DATASET ENTRIES START

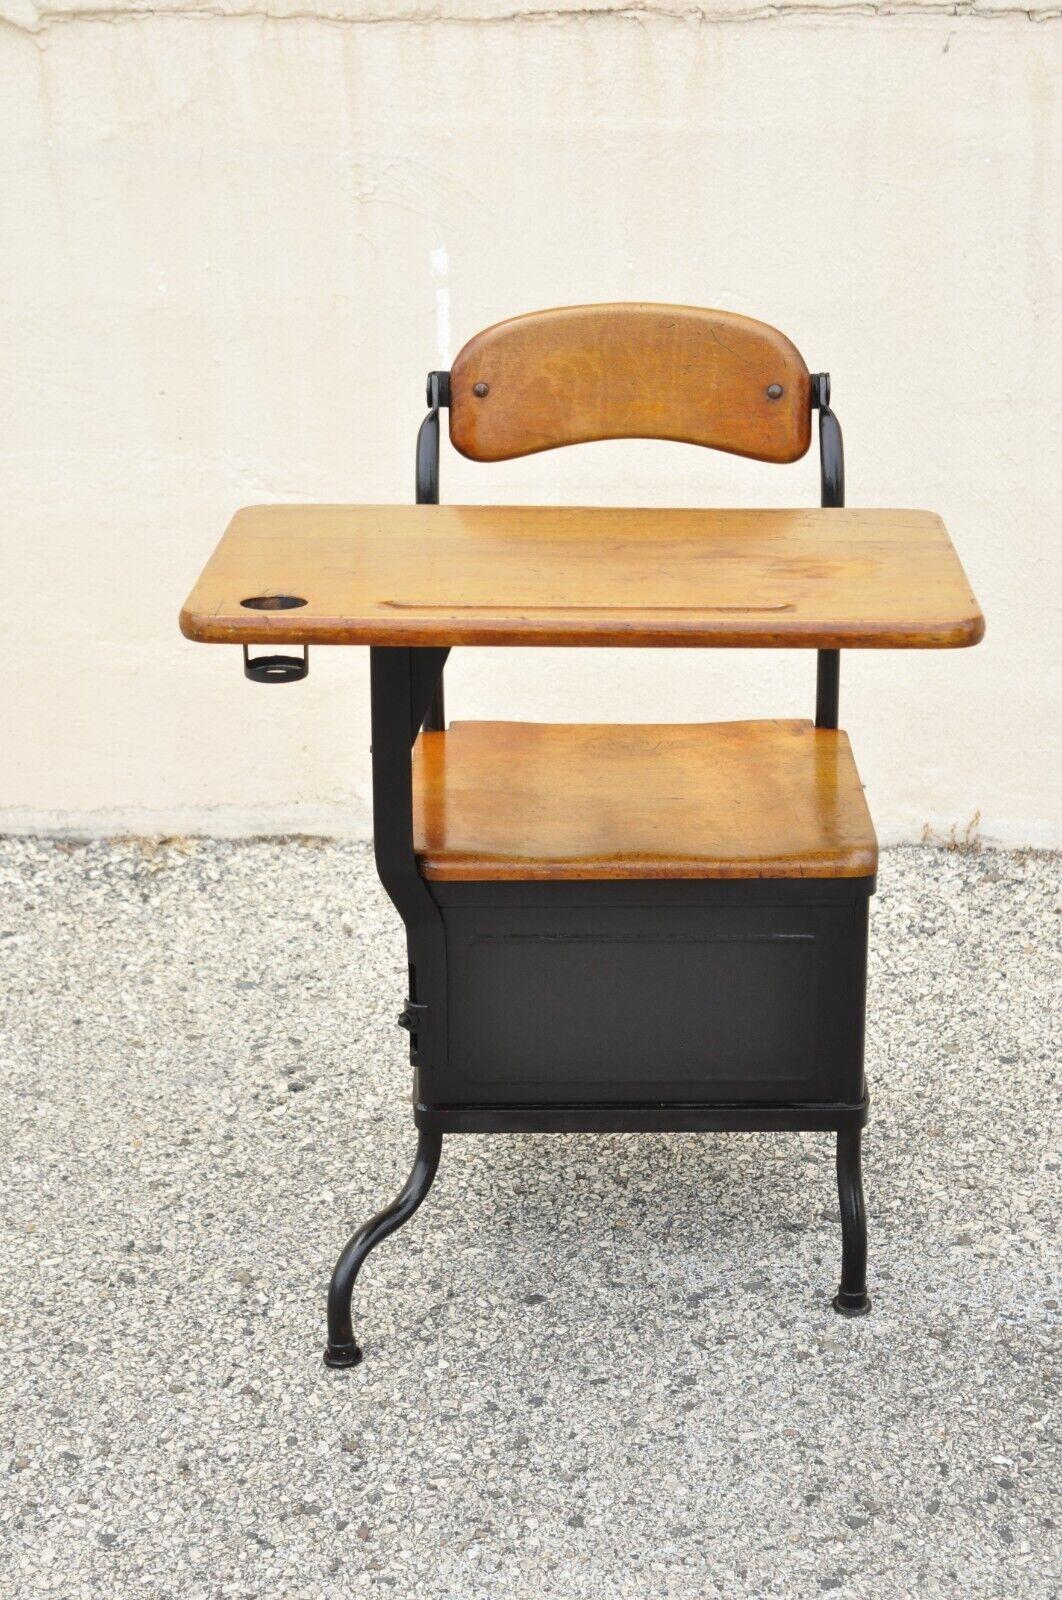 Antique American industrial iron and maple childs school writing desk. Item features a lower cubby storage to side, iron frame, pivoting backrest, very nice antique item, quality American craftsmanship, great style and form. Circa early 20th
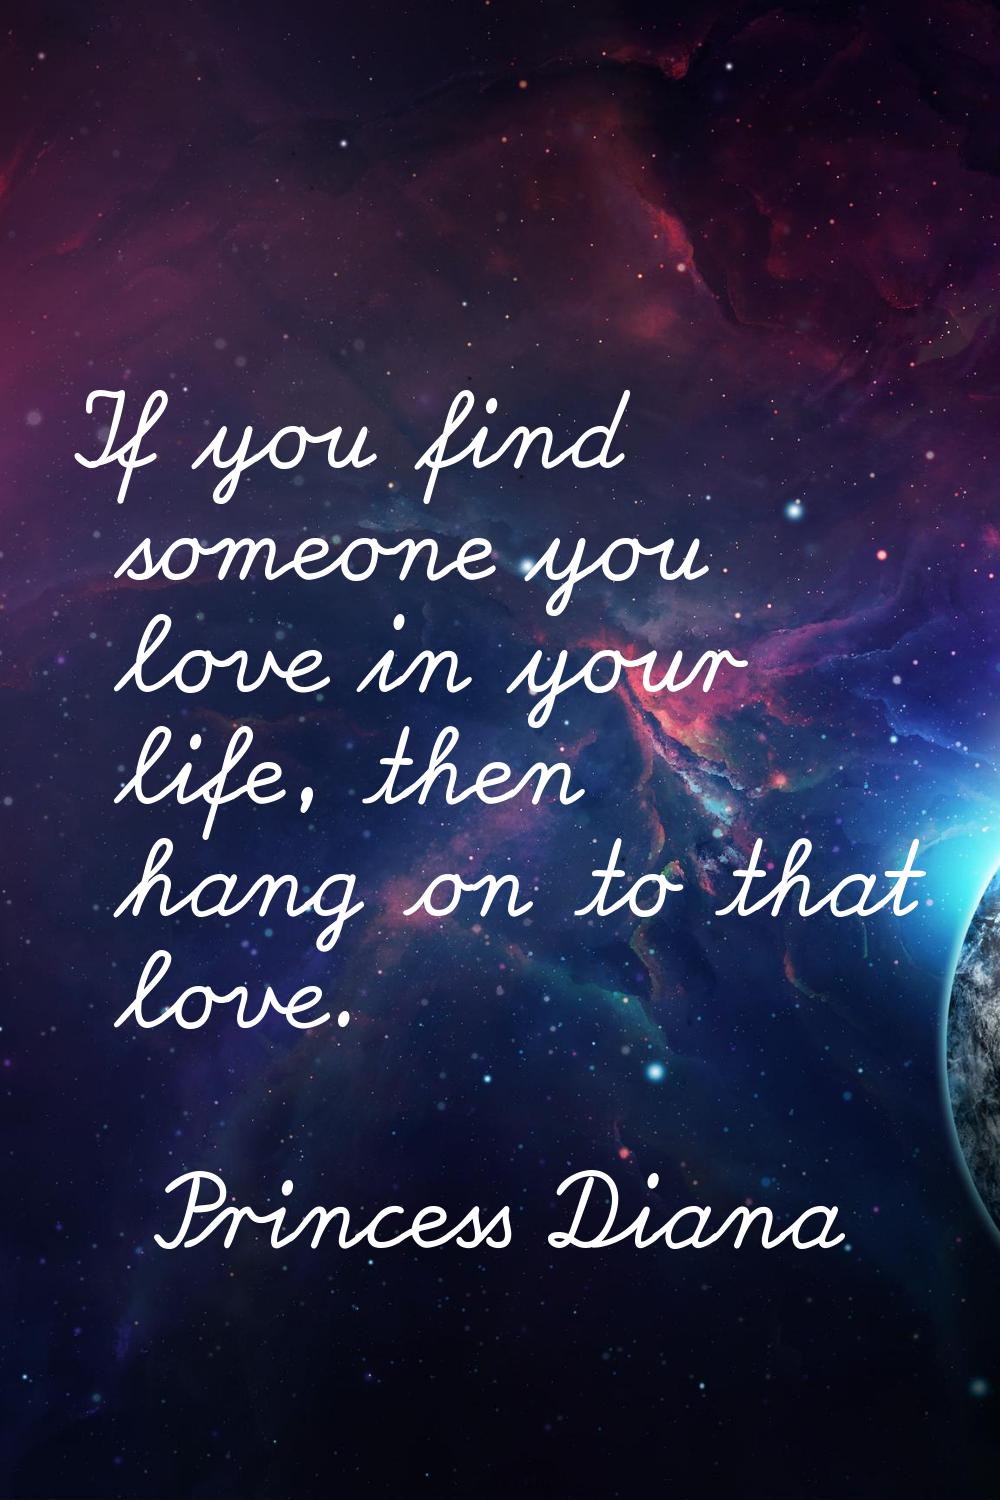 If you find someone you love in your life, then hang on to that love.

DATASET ENTRIES END
DATASET ENTRIES START

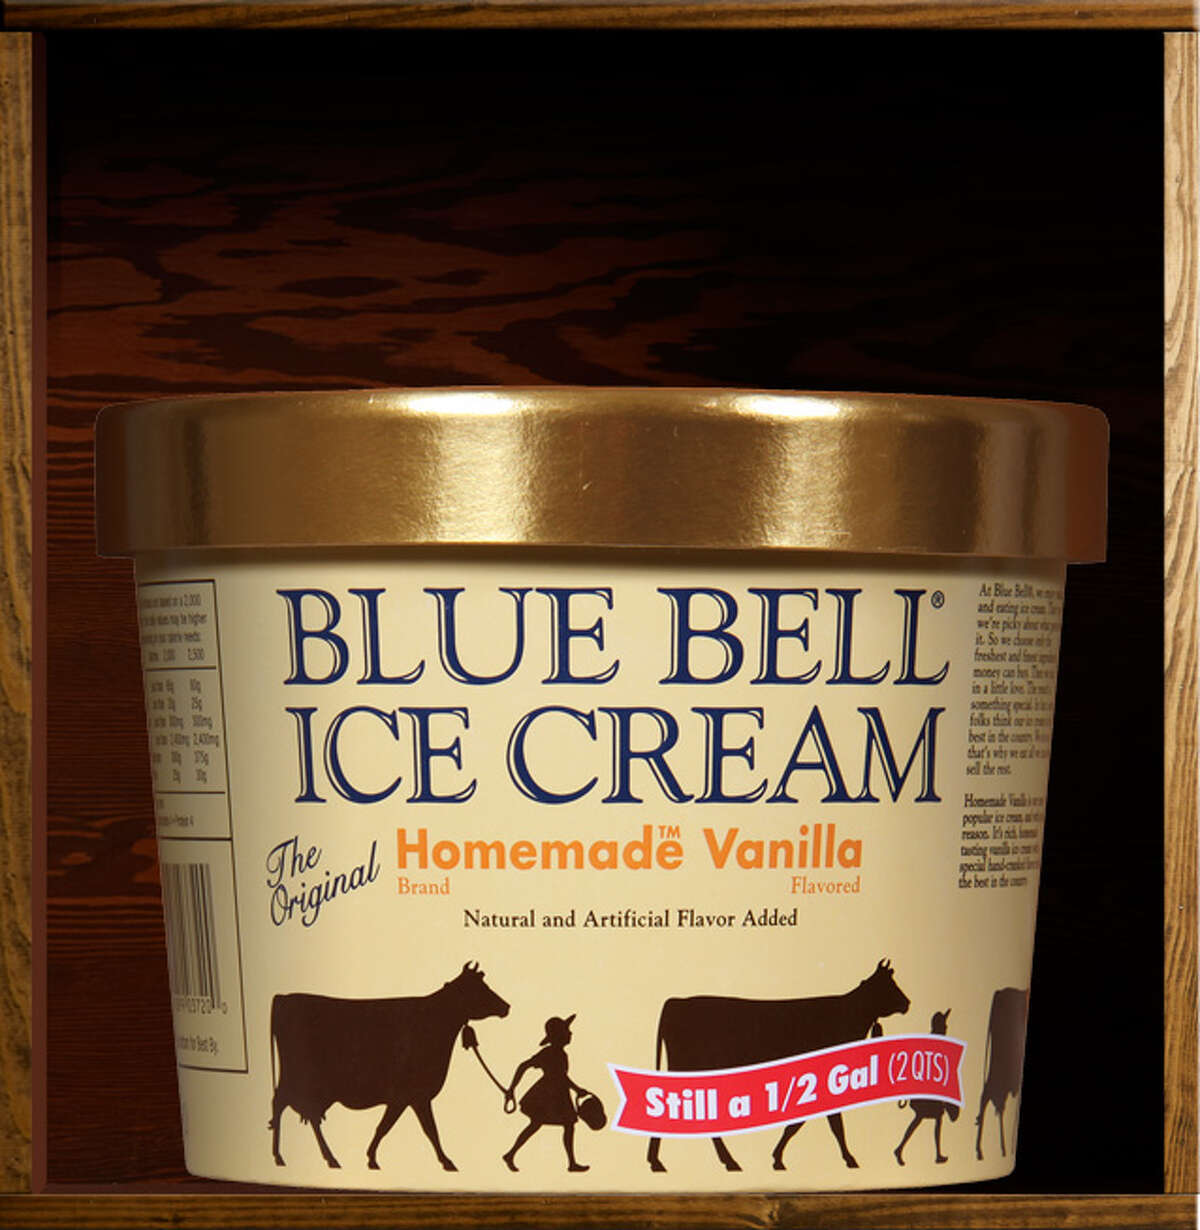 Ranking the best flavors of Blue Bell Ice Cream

DATASET ENTRIES END
DATASET ENTRIES START

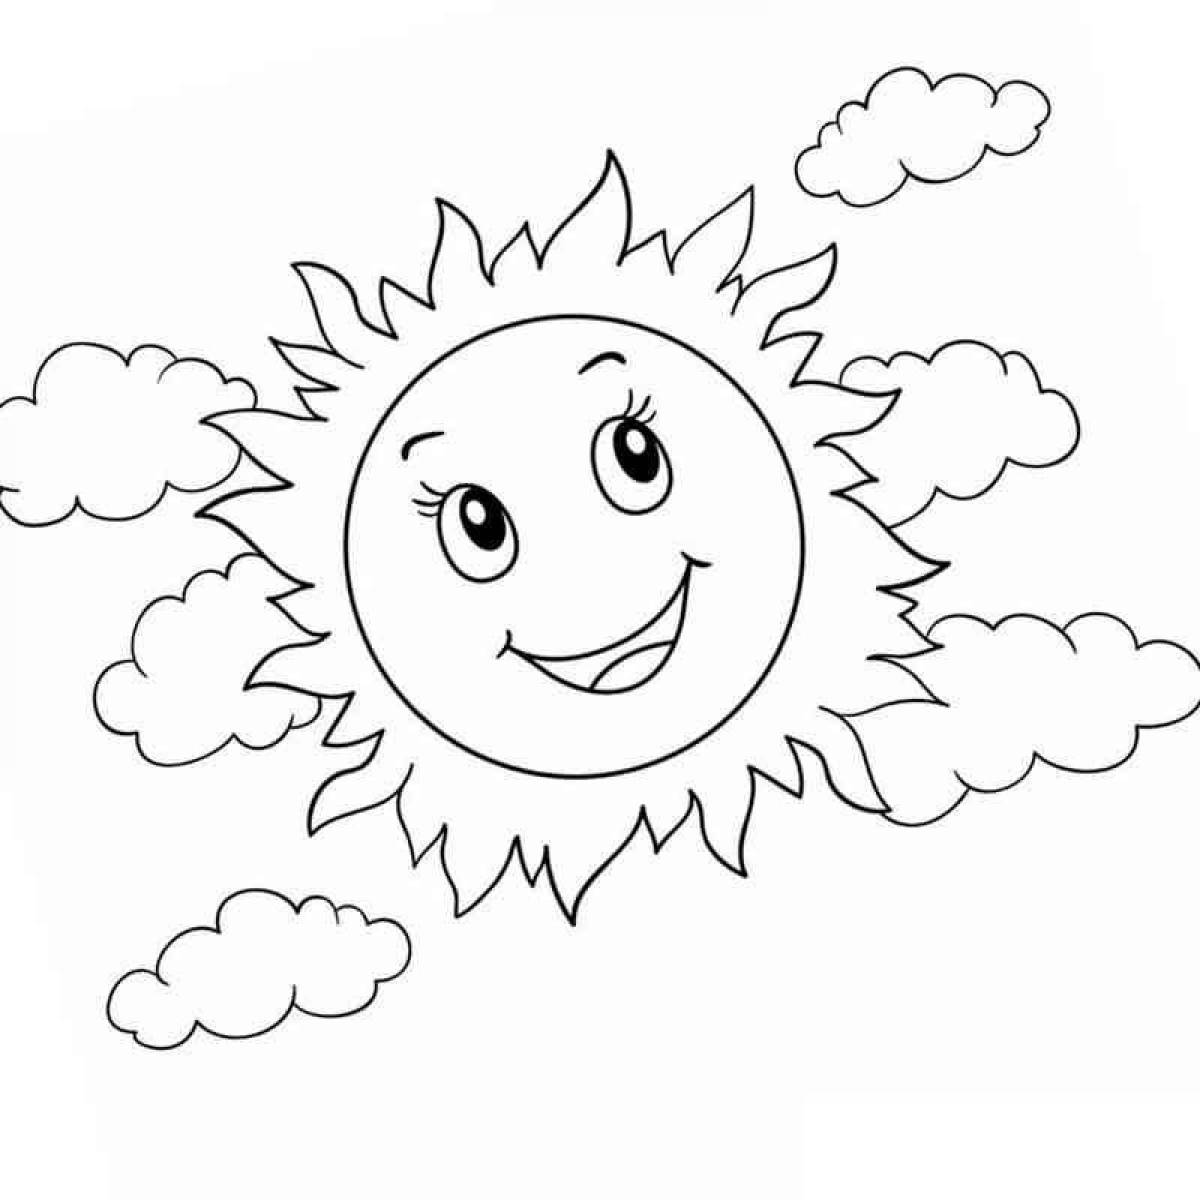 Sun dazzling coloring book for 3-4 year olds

DATASET ENTRIES END

PROBLEM TO WORK ON:
Set down word for word the lines above from the one with "Antique American industrial" up to and including the one with "If you find". Omit every picture.

COMPLETED EXERCISE:
 Antique American industrial iron and maple childs school writing desk. Item features a lower cubby storage to side, iron frame, pivoting backrest, very nice antique item, quality American craftsmanship, great style and form. Circa early 20th
 If you find someone you love in your life, then hang on to that love.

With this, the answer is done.